Я нашла полосатую рубашку на полу спальни и разложила ее на кровати. Внимательно ее рассматривая, я не могла понять, что с ней было не так. Я не могла найти недостатки, которые привели Ника в такое неистовство. «Что я сделала не так?» - вслух спросила я, проглаживая пальцами полосы. Что я сделала неправильно?
Желание исправиться засело занозой во мне. Я знала, что смогу так или иначе. Я стирала, крахмалила и выглаживала полосатую рубашку снова и снова. Каждая ниточка, каждый шов, каждая пуговица выглядели идеально. Я повесила ее в гардеробной, проверила все остальные рубашки, аккуратно сложила всю обувь Ника, поскладывала все его свитера ровными стопками.
Когда Ник вернулся домой, квартира была убрана, стол накрыт, а кастрюля с «Кинг ранч» ждала его в духовке.
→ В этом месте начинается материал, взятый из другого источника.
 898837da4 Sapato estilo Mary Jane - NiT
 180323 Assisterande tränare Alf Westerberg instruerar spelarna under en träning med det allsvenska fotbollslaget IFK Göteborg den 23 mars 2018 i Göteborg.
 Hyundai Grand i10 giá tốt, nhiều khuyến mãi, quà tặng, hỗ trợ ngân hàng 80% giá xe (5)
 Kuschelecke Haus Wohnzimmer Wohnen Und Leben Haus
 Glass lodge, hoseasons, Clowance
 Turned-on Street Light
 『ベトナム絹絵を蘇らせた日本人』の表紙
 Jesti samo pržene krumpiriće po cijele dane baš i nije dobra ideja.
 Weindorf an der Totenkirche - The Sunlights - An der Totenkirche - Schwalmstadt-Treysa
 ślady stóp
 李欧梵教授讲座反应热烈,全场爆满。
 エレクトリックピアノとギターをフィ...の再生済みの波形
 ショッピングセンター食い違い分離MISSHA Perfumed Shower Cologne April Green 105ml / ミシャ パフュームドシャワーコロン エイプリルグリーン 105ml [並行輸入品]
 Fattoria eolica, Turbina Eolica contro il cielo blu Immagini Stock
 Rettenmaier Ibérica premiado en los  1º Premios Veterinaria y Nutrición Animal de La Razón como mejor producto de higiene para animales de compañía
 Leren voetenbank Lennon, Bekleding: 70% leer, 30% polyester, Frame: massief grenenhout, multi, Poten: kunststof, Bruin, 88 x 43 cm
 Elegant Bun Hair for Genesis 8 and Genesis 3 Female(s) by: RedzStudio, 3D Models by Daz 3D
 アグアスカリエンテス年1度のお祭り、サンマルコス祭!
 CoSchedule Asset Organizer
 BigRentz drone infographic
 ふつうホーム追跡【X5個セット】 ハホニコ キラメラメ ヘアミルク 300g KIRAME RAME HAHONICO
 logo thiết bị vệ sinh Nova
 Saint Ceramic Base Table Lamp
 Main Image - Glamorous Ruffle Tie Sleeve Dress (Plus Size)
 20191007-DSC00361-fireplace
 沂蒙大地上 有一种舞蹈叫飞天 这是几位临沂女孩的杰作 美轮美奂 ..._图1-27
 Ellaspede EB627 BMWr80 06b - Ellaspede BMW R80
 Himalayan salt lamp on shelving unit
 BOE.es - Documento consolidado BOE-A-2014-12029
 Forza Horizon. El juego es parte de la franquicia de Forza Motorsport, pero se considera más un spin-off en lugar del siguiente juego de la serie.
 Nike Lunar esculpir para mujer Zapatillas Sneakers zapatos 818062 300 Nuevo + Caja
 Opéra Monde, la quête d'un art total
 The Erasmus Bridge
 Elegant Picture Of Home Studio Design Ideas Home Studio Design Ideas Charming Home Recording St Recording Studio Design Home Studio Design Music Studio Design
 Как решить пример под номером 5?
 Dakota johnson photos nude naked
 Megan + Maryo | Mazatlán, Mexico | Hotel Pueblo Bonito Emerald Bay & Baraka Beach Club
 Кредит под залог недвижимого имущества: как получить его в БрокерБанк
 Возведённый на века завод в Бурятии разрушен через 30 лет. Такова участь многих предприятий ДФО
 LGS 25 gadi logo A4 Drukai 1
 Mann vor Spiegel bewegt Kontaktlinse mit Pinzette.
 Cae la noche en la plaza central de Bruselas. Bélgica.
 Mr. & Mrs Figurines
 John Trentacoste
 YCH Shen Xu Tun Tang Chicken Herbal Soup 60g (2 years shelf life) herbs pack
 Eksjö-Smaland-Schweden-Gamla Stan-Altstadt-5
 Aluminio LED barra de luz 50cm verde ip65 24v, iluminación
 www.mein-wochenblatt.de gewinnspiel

Его любимая еда. Мне было тяжело смотреть на него.
Но Ник вошел смущенный и улыбающийся, с букетом ярких цветов. Он протянул мне его.
- Вот, любимая, - он склонился, чтобы поцеловать мою щеку, ту, которую он ударил. Половина лица у меня было красной и опухшей. Я держалась стойко, когда его рот коснулся моей кожи. Я хотела резко отодвинуться. Я хотела ударить его. Но больше всего я хотела плакать.